Pontogeneia rostrataに近縁な別種の可能性はあると思います。
便宜的にPontogeneia sp.8としている種です。
第1触角と第2触角の長さは同程度、体表面に模様はありません。
触角には長いトゲがあります。
緑色の卵を持っていました。
先日のブログでも紹介していますが、
第3尾肢のトゲの長さと、尾節板の形状が明らかにPontogeneia rostrataと異なります。
(もっとも、こちらの種が本当のPontogeneia rostrataである可能性もあります)
Pontogeneia rostrataに次いで良く見つかる種です。
茨城県ひたちなか市、東京都伊豆大島、千葉県南房総市で採取したので
本州南岸に分布する種かもしれません。
日本未記載種の可能性があるので、専門家の方、宜しくお願います。
便宜的にPontogeneia sp.9としている種です。
Pontogeneia sp.8と同じく第1触角と第2触角の長さは同程度、体表面に模様はなく、
第1、第2触角の柄部に長い棘があります。
基本的にはPontogeneia sp.8とよく似ているのですが、
体表面の模様が異なります。
この種を採取したときに解剖を行っていないので第3尾肢、尾節板の情報はありません。
(尾節板の解剖ができるようになったのはここ最近です)
ただ、この種は静岡県の美保半島の先端付近の東海大学近くの
テトラポット隙間の潮だまりに群れを作って泳いでいたので
必要であれば簡単に採取はできそうです。
便宜的にPontogeneia sp.10としている種です。
宮城県の牡鹿半島で採取しました。
ただ、Pontogeneia属ではない可能性が高いです。
第1触角第3柄節の副鞭がある位置に鱗状の突起が有り、第1、第2胸脚は同型で、第3尾肢は双枝、
尾節板は楕円形、体色はオレンジ色などの特徴を持ちます。
第1触角の鱗状の突起はアゴナガヨコエビににていますが、
尾節板に切れ込みがないのでアゴナガヨコエビとは明確に区別できます。
尾節板の形状の違いは属レベルの違いであることが多いので、
アゴナガヨコエビ科の別属の可能性があります。
もっとも、アゴナガヨコエビ科かどうかも怪しいです。
もしかすると北海道の紋別市で採取したPontogeneia sp.3も、この種と近縁かもしれません。
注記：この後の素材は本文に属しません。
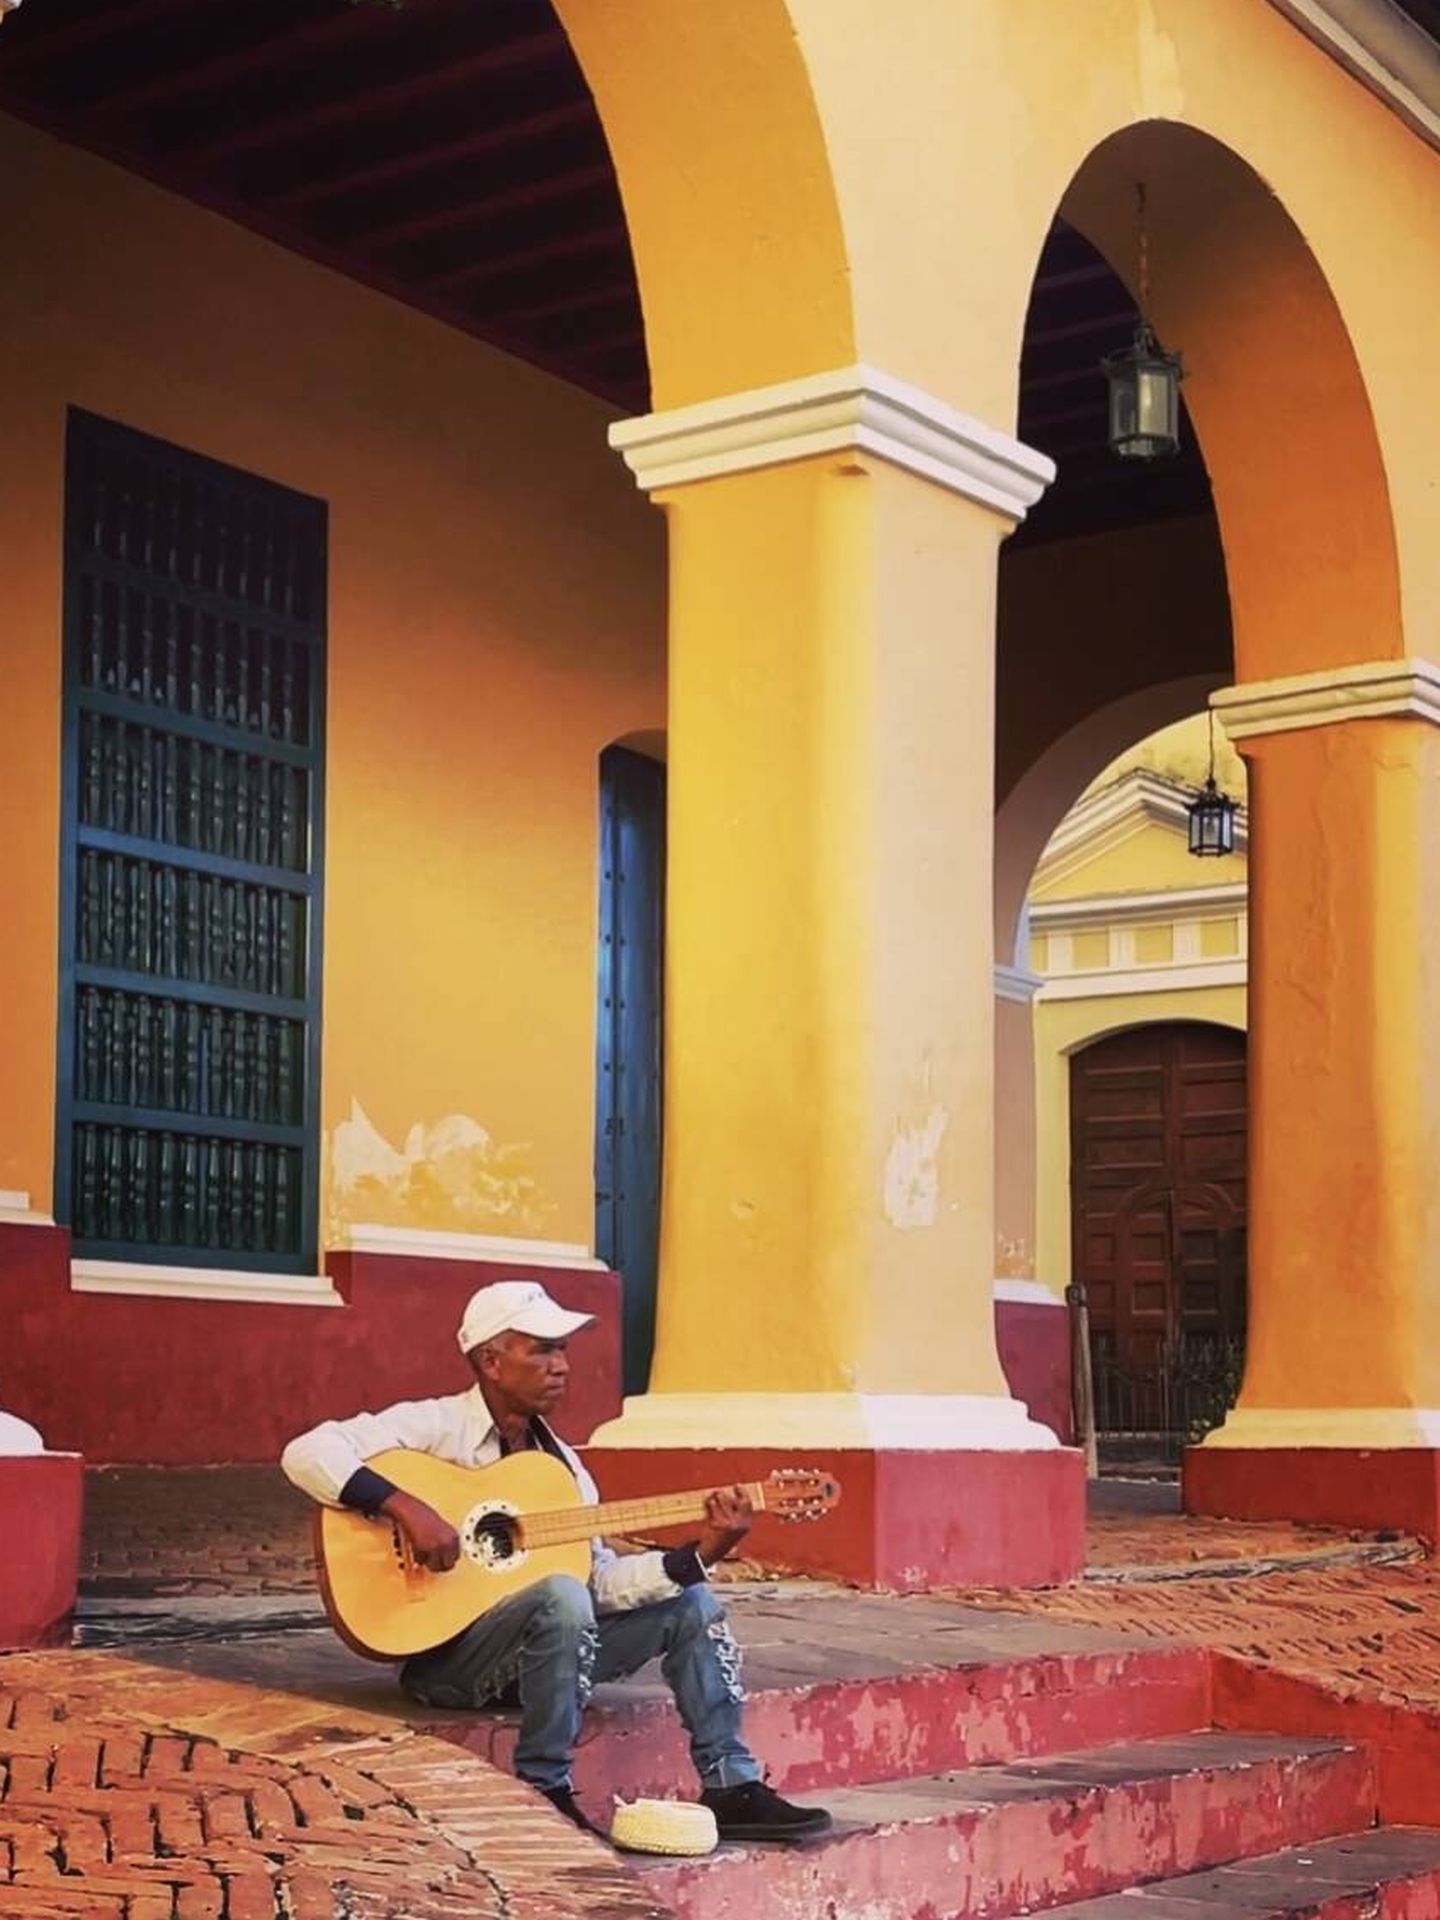 Son, salsa, mambo, guaracha... La música forma parte de Trinidad. (N. Ferreiro)

Pontogeneia sp.3もsp.10と同じく第1触覚柄部の第3柄節に鱗状の突起があります。
これらの種は北方系の分類群かもしれません。
アゴナガヨコエビのデータベースはごちゃごちゃしているので、
次回更新までに再検討する予定です。
Pontogeneia sp.3とsp.10はアゴナガヨコエビ科の不明属に移す必要があるかもしれません。
いずれにせよ、日本産のアゴナガヨコエビ科が1属1種と言うことはないと思います。